Why, the Global War on Terror is the perfect moral framework for raising my son! What a quaint little idea, the notion that warfare is an opportunity for "real men" to show valor. I think that one died sometime in August 1914, along with several million other soldiers in the trenches of France. It certainly was gone by the time of the Second Iraq War of 1990-1991, in which bombs did most of the killing. Given the reference here, one might add that "finishing the job" would also call upon skills such as an understanding of Arabic, Persian, Pashtun, Parsi, and Urdu, or perhaps the domestic politics of Arab and Central Asian states, listening to other people's ideas and information, etc....but of course all that bookish nonsense is for sissies, and what everything comes down to is whether an infantry grunt can pull the trigger when he sees a turban. Assuming he can find one to shoot.

Also of note is the way emotional literacy is downplayed when, as the author freely admits right in the first paragraph, his biological father abandoned him in childhood, and his stepfather didn't pay attention to him. Hmm. So what the author's deficient male parents really needed was the ability to shoot a .50 caliber M88? Then they wouldn't have been tempted to dump their parental responsibilities on their wives while they went off to be manly? Seems like these dudes were lacking in a few other qualities, too, like the willingness to stick around and just do the work of a parent, "finishing [a] job" which for the most part doesn't include Courage, Honor, or Gentlemanliness, and if you're lucky and don't live on the south side of Chicago, doesn't involve guns.

Which is not to say that Courage, Honorableness, etc. are bad qualities. But why do they belong only to men? I like Honorable and Courageous women. I'll take help and inspiration whenever I can get it. While this guy's kids are learning how to Honorably and Courageously fight over a rubber ball, his neighbor's daughters are probably acing the SAT and getting into better schools and landing the jobs that will drive the economy. And Gentlemanliness, if it means anything at all in this post-medieval age in which most "real men" couldn't manage to fit into a suit of armor without serious liposuction, seems to me centered on respect for the weak. This is a universal value that we should ALL aspire to, regardless of gender, age, race, or anything else.

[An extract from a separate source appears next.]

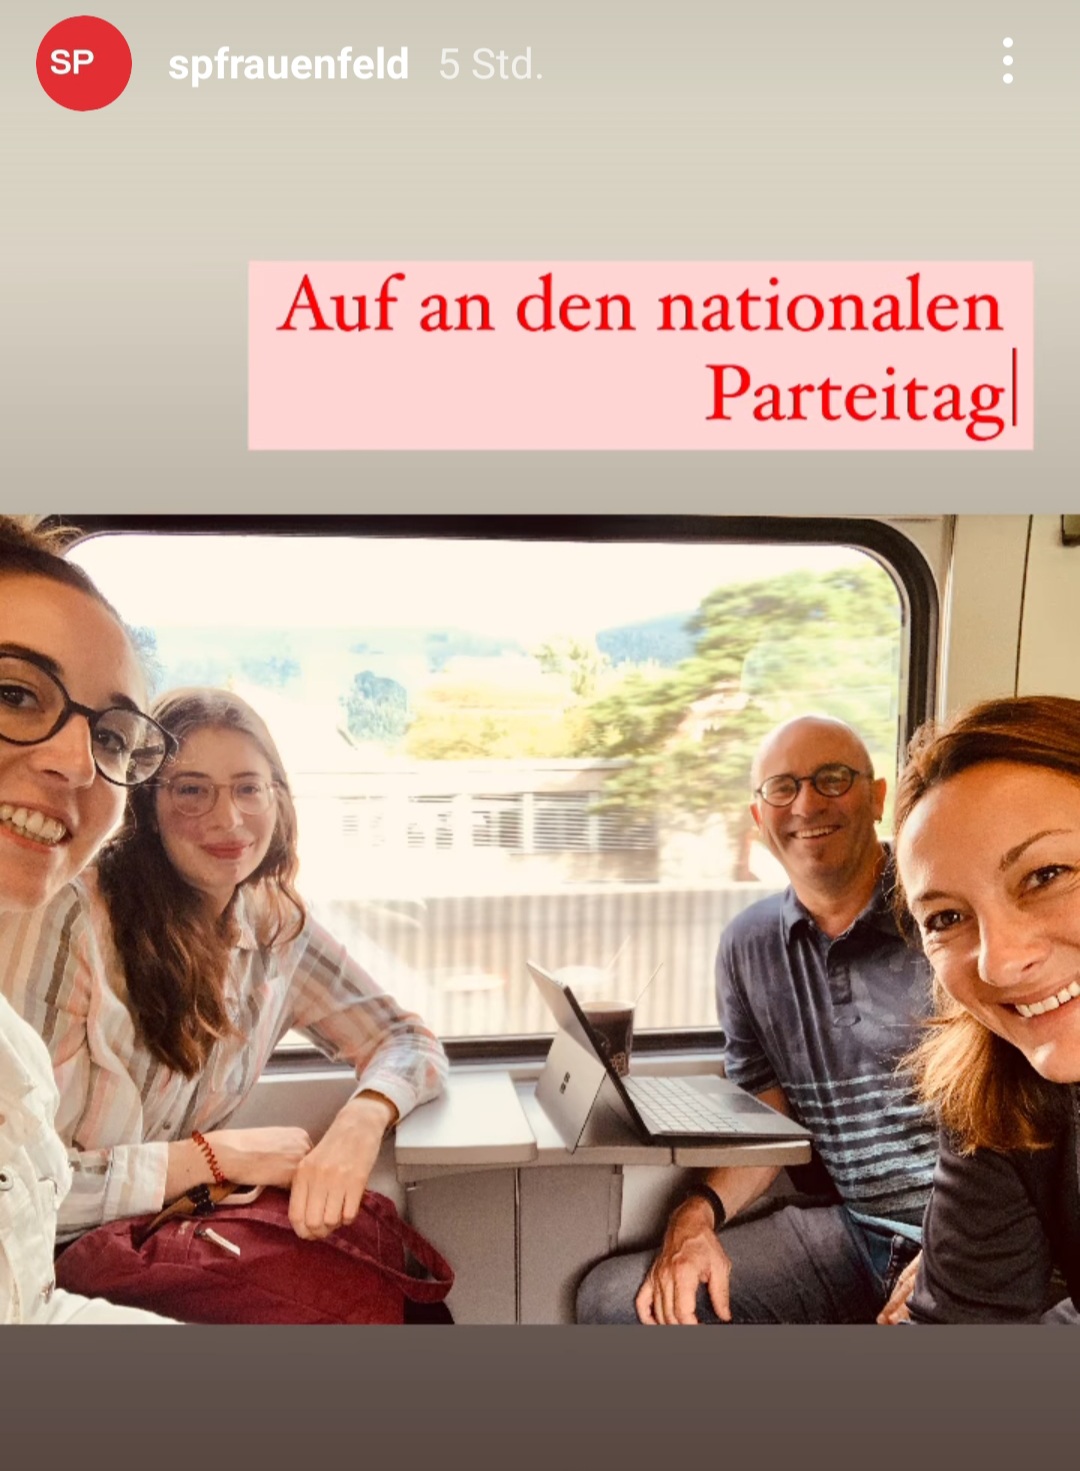 Auf dem Weg nach Biel an den Parteitag der SP Schweiz - danke SP Frauenfeld für diesen gelungenen Post

Ironic twist: the very idea of Gentlemanliness, as derived from the courtly culture of late medieval Italy and Spain, is in fact heavily influenced by the high MUSLIM culture of the period, with some pagan residues thrown in. So, dad, you want your kid to be like the noble Black Saracen in The Song of Roland? The one who kills the Christian hero? Bravo! Those particular "barbarians" were reading Greek long before your own ancestors could spell their name.

I'll give the guy credit for admitting he's a couch potato from a broken home -- this itself is an index of how far we've come -- although rhetorically-speaking, anything less would have immediately alienated the educated women who read the WSJ as well as many of the moderate men -- and for suggesting that boys need moral training in addition to open-ended physicality. But if this is the conservative version of modern fatherhood, then I'm nostalgic for the days of old-fashioned Judeo-Christian patriarchy, rather than this pagan code that essentially consists of being able to use a gun and stand up to Osama bin Laden. Let's see this guy's kids use those skills when they get laid off for the first time.

2 comments:

Unknown said...

It's amazing to me that we still haven't gotten past the ridiculous idea that emotions are for girls and being tough is for boys. As if the warmongering instinct is the sign of a real man. I'd like to think that we'll evolve a bit more as a society as more people recognize how ridiculous these ideas are.

chicago pop said...

Glad you feel that way, TH, and good to know there's a bastion of common sense down in Texas.